The Zestimate’s algorithm has been changed a few times, once in 2008, another in 2011 and most recently 2018. In between all these changes they’re still constantly changing bits and pieces of the framework. Most recently, the major change implemented was the granularity with which these models are being run. The high percent of accuracy was achieved mainly with the use of finer geographic granularities are now being implemented along with the vast number of models that are being generated. Initially, the Zestimate model only used data from counties, but on few occasions when the data turns out to be very sparse, they’ll look at the state as a whole. Today, they make sure not to go above the county level when building the model. For larger counties with a lot of transactions, they break them down into smaller regions within the county and the algorithm tries to find homogenous sets of homes in the subcounty level in order to train the modeling framework. And that modelling framework contains a robust number of models within.

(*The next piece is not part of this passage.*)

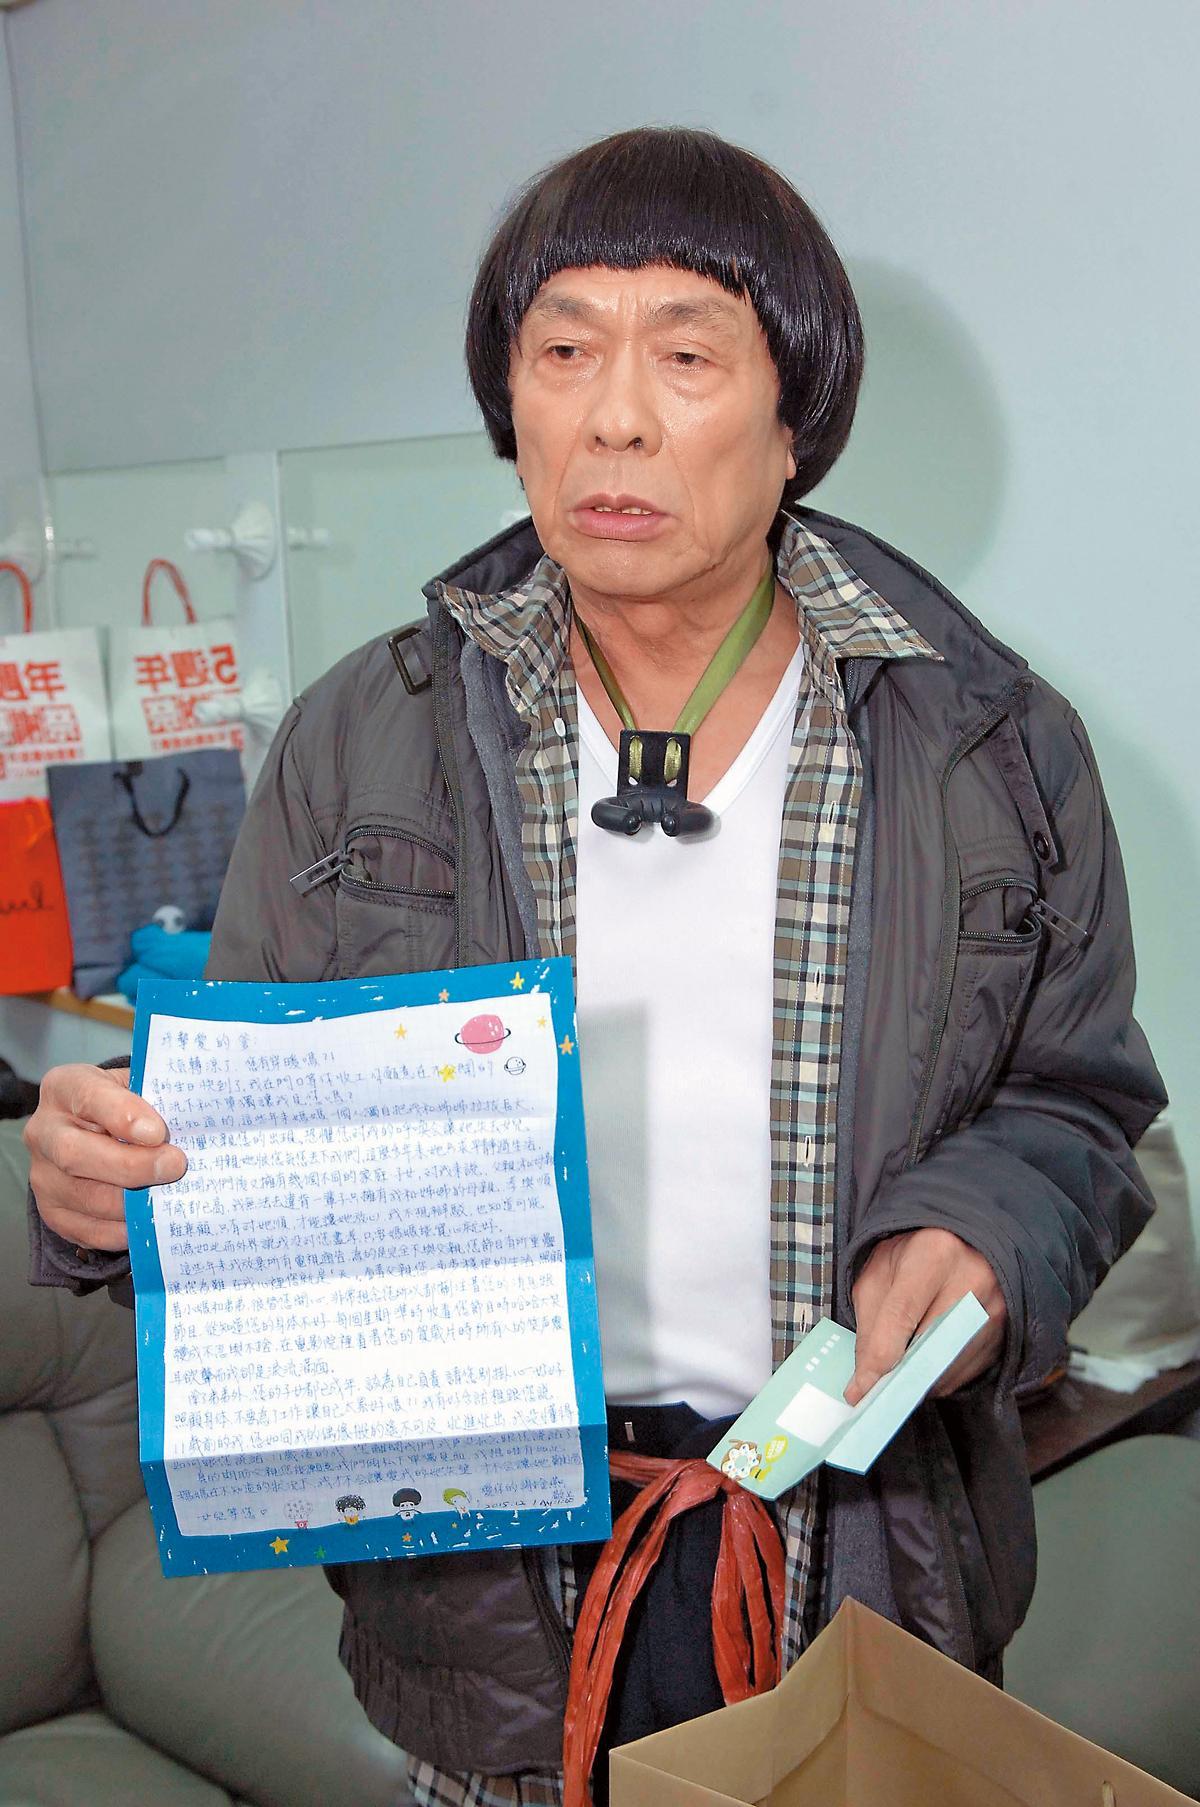 豬哥亮僅有在臨終進醫院時,才跟謝金燕破冰。他在世時曾秀出謝金燕寫給他的親筆信,父女關係雪上加霜。(華視提供)

For the rest of the year 2020, Zillow and other related websites are estimating sales to be down by 15% for the year as a whole with larger year-over-year drops in the second quarter which is when the pandemic will mostly affect the housing market. Home prices expected to eke out a small gain and this is because there are few sellers still on market. Other sellers might be holding off on selling in order not to take a loss as about half the buyers on the market are not meeting up with their asking price. The limited inventory helps keep prices up but this balance is expected to shift as the economy slows down later in the year. So, when websites like Zillow and others related begin to test new models to predict home price post-Covid-19 all of these would be needed to take into account and I’ll also advice factoring the amount of COVID-19 cases in each state or county, as well as, the total number of lives lost in each region.